There's a comment by someone called David Hillman on this video: 


I know it's not exactly a rock solid source but I'd always wondered why no one seemed to point out the massive similarities in the works or criticise Williams for "ripping it off".


----------



## lumcas (Jan 4, 2019)

Sorry guys, this is getting rather confusing, are we talking Joseph McCarthy and Al Gore?


----------



## d.healey (Jan 4, 2019)

Mornats said:


> I know it's not exactly a rock solid source


That's true  I'll continue waiting for a decent source.



> I'd always wondered why no one seemed to point out the massive similarities in the works or criticise Williams for "ripping it off".


You're not looking hard enough. There are plenty of people who have pointed this out over the years since it was released.

But don't hate on Williams, everyone borrows from Holst


----------



## artomatic (Jan 4, 2019)

Mornats said:


> There's a comment by someone called David Hillman on this video:
> 
> 
> I know it's not exactly a rock solid source but I'd always wondered why no one seemed to point out the massive similarities in the works or criticise Williams for "ripping it off".




Quite revealing.


----------



## PeterN (Jan 4, 2019)

Yea, well anyway, I find this concept offensive for artists - I mean people who really create - that its just pretty much a copy or steal everything anyway.

Not being the idiot here, I do understand, that if u were living in Sudan in 19th C you probably didnt write rock n roll in the year 1854 while feeding your camels, or so, and sure, theres always some amount of influence, but I do fear we have a whole bunch of uncreative idiots around now, who basically have been justified to just steal and copy. 

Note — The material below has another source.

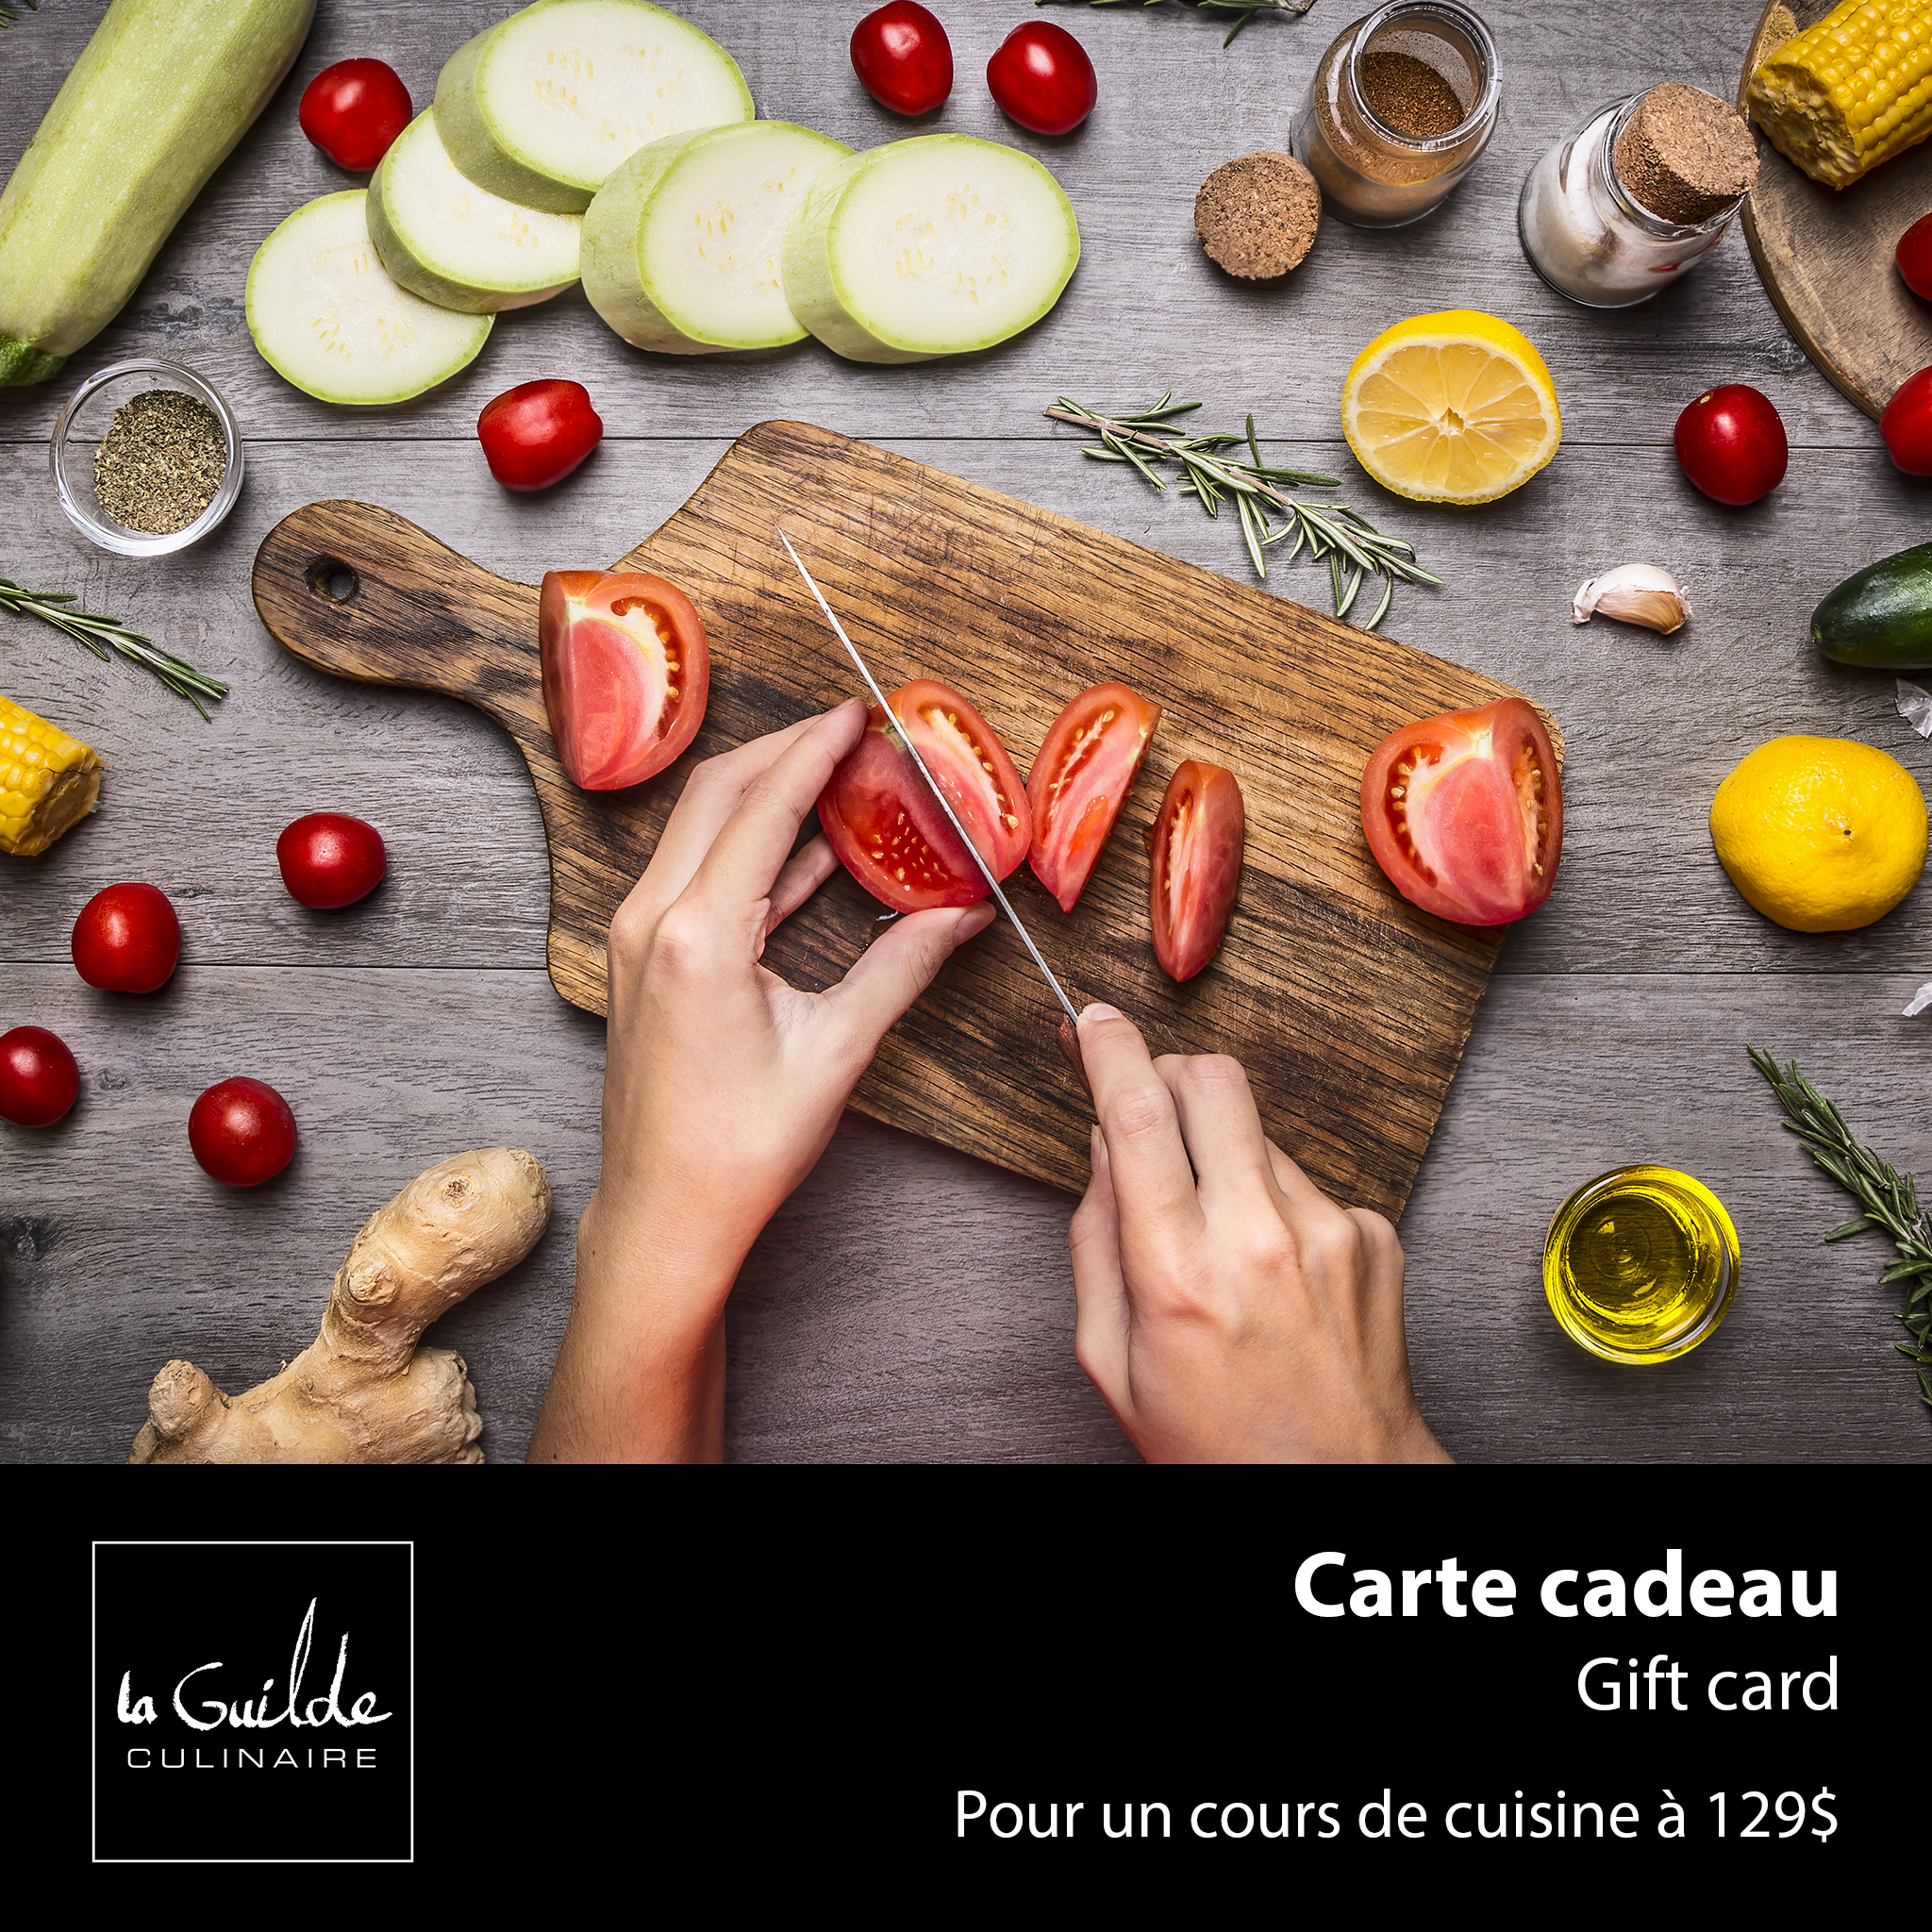 CARTE CADEAU COURS DE CUISINE POUR 1 PERSONNE    - La Guilde Culinaire - Carte cadeau -

Its also what it looks like, or to be more precise, sounds like. 

Comments, friends?


----------



## gregh (Jan 4, 2019)

PeterN said:


> Yea, well anyway, I find this concept offensive for artists - I mean people who really create - that its just pretty much a copy or steal everything anyway.
> 
> Not being the idiot here, I do understand, that if u were living in Sudan in 19th C you probably didnt write rock n roll in the year 1854 while feeding your camels, or so, and sure, theres always some amount of influence, but I do fear we have a whole bunch of uncreative idiots around now, who basically have been justified to just steal and copy.
> 
> ...




agree (i think) - would be a very strange and limited world if every artist was meant to create completely de novo. I am not a fan of Williams and really dislike the star wars score (and ever star wars film other than the original one) - but all I hear in the bits of the vid I watched is that he has a broad knowledge and uses it. I dont really understand why people care about "references"within the work of composers like Wiliams and Zimmer, whose job it is to produce quality music within a particular commercial structure. Unless they produce music with high levels of familiarity for the target audience they are not doing their job. And they are masters of that - producing conventional film music with just enough creativity to be interesting within the context but not enough to draw the attention too much. It's a great skill, but quite different to an "art" composer composing for a completely different audience and completely different cultural milieu

Plagiarism is different
(as an aside there is a case at the moment sheeran versus gaye - where there is little if any similarity of importance - (caveat) - they are the same in the most banal and commonplace manner, chords and groove - as are zillions of songs)


----------



## stonzthro (Jan 4, 2019)

Originality and creativity and completely different things; sounds like you are looking to say no one is original; which is completely different from being creative. 

I personally don't know anyone who I think is an original composer; most are creative to carrying degrees. 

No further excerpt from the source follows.